[[ RAW DATA open ]]
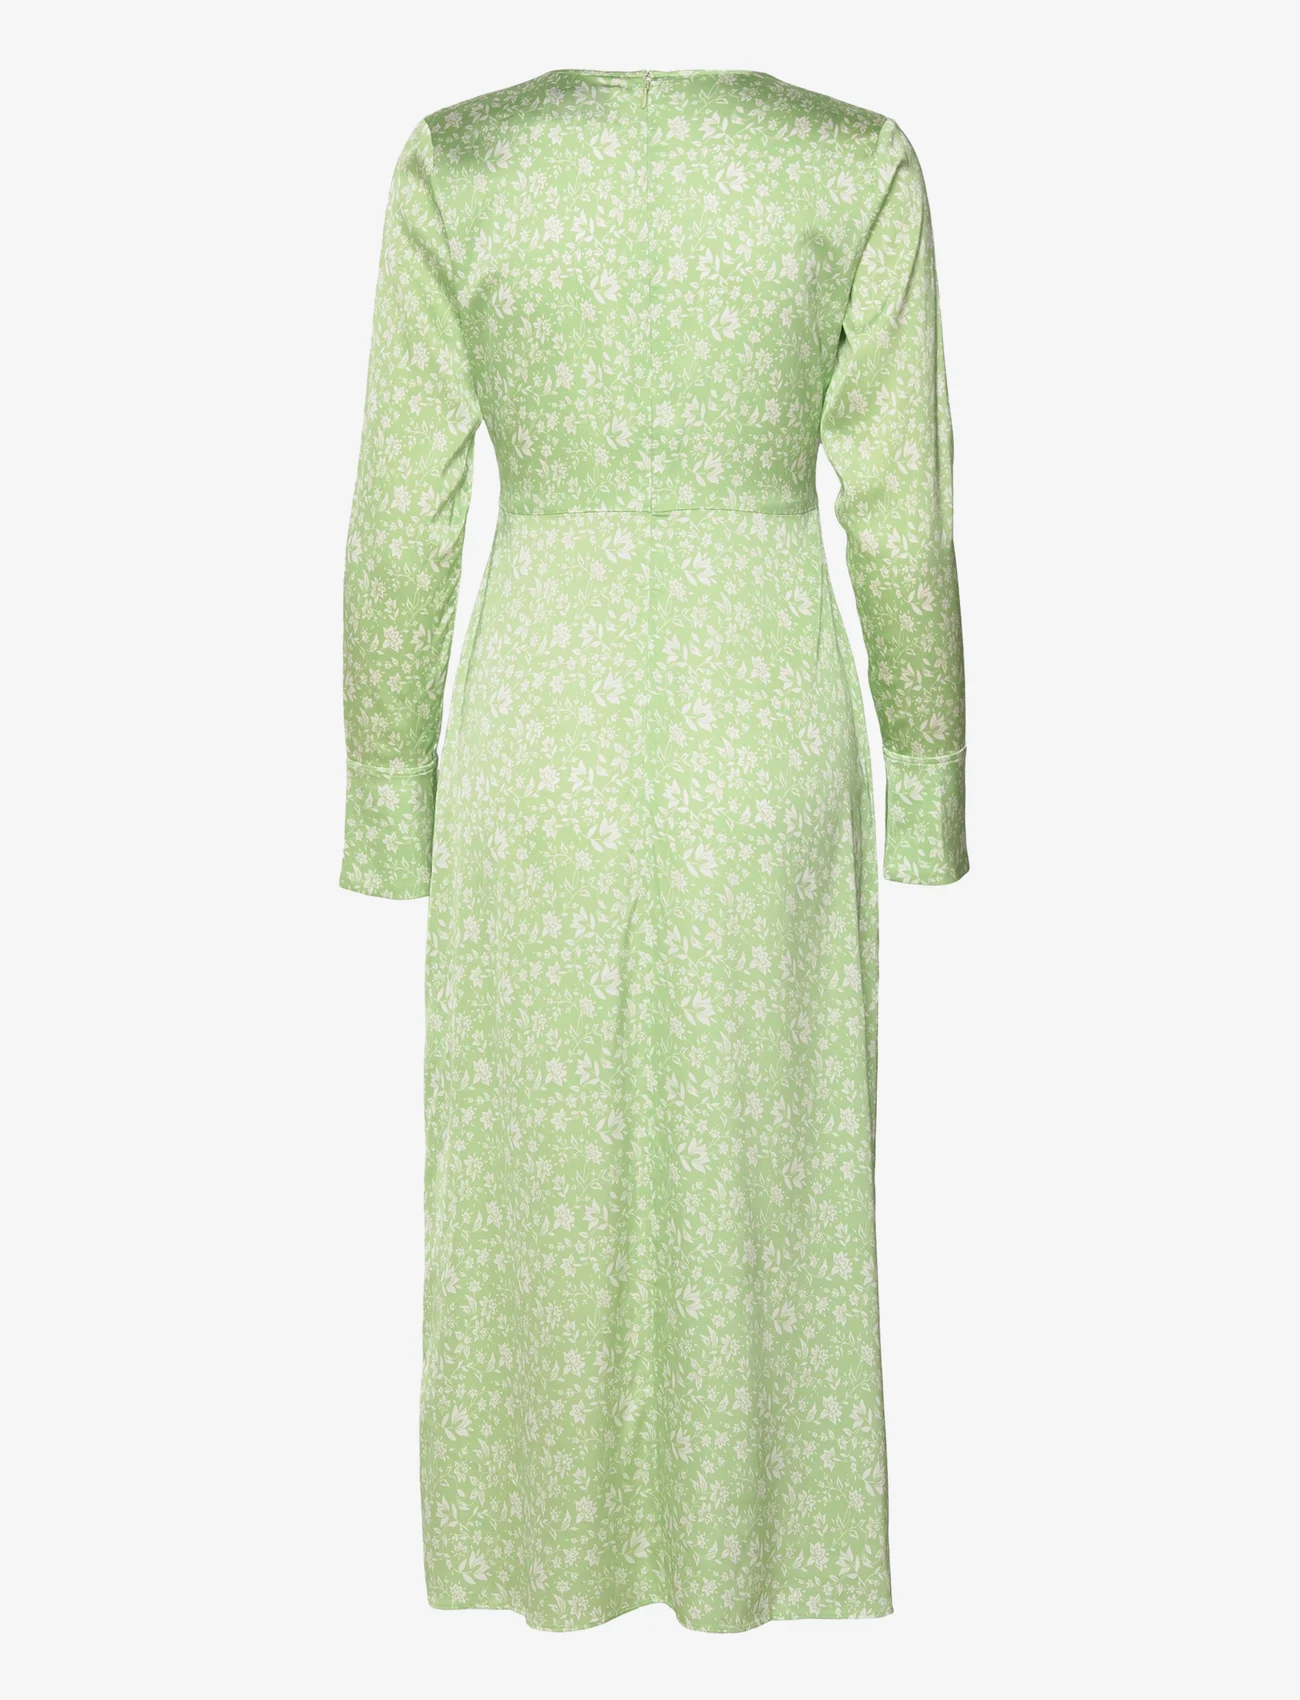 MAUD - Eve Dress - festkläder till outletpriser - faded green - 1
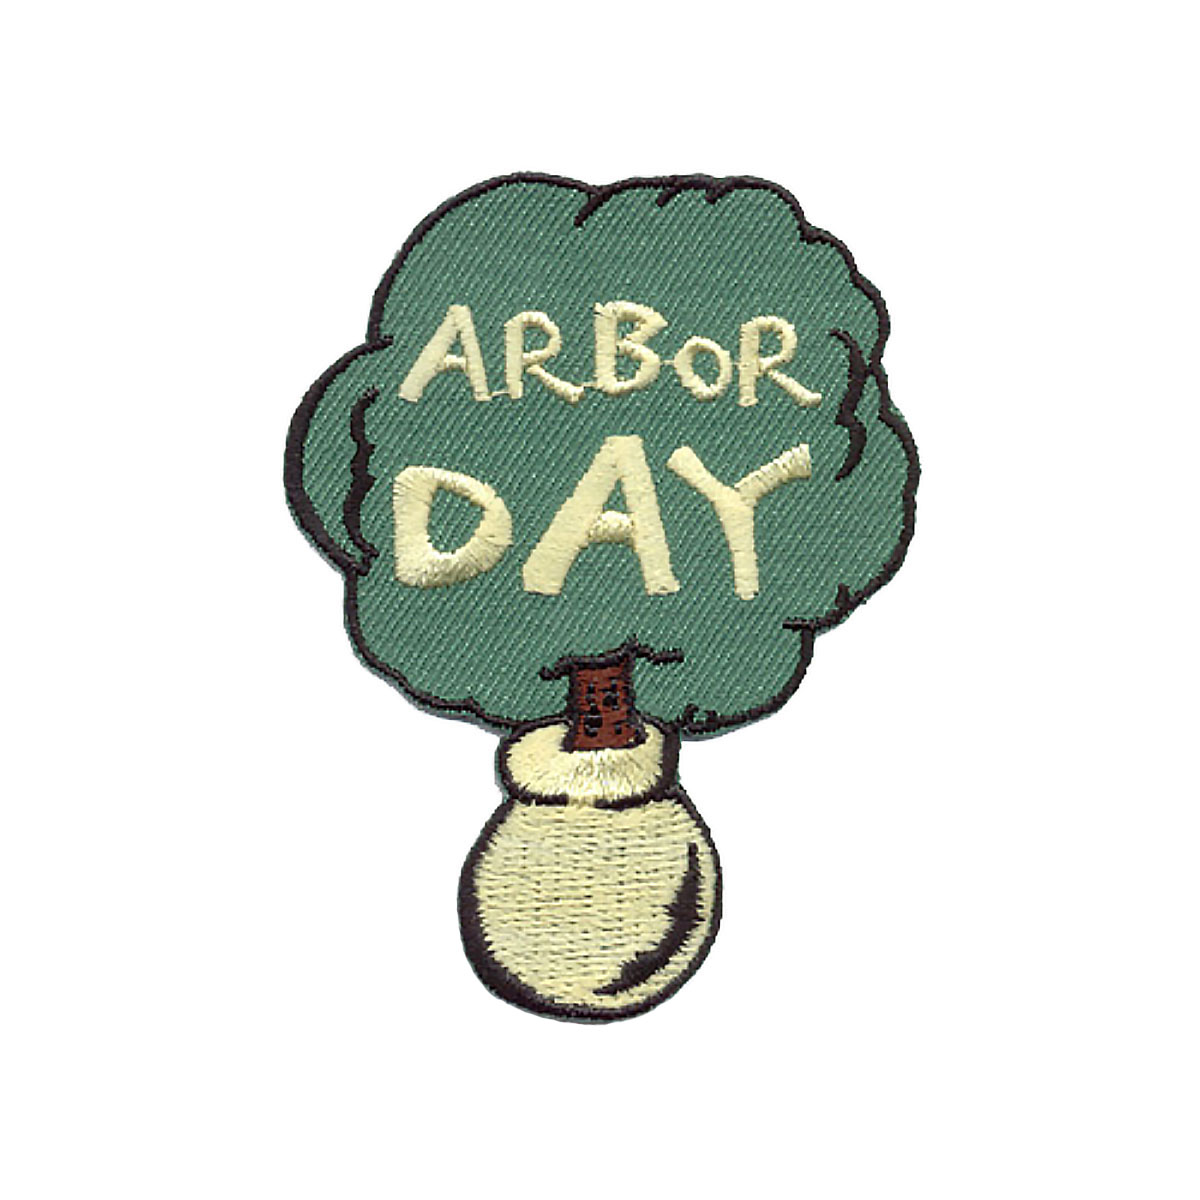 Arbor Day - W
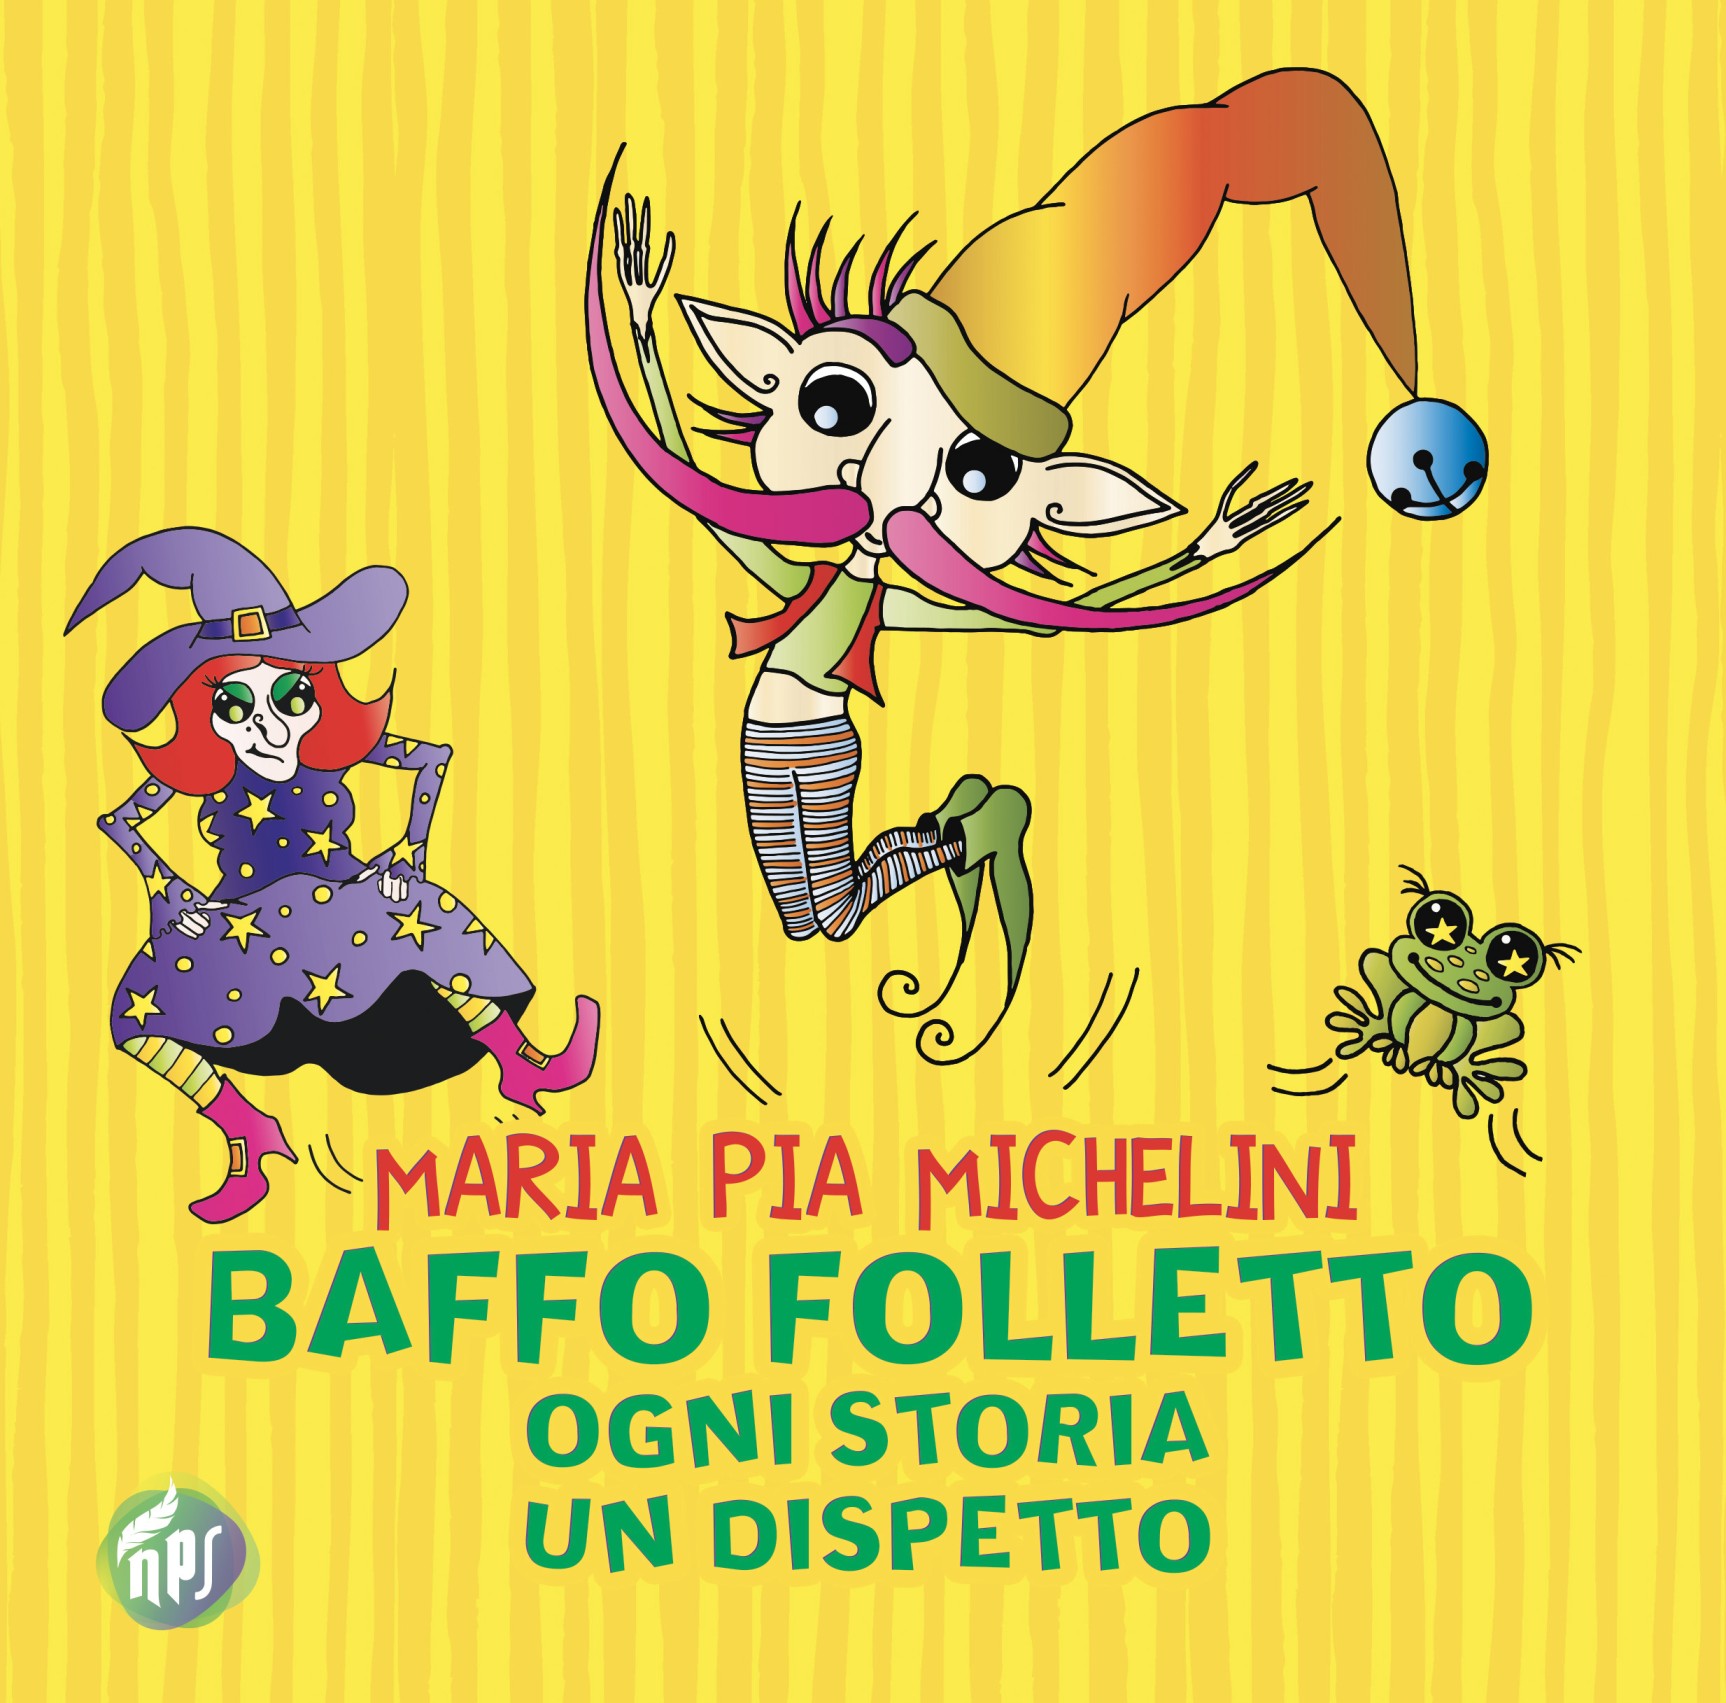 Arriva in libreria Baffo folletto di Maria Pia Michelini
[[ RAW DATA closed ]]
WHAT YOU WILL DO:
With the pictures left out, transcribe the material exactly.

YOUR SOLUTION:
 MAUD - Eve Dress - festkläder till outletpriser - faded green - 1
 Arbor Day - W
 Arriva in libreria Baffo folletto di Maria Pia Michelini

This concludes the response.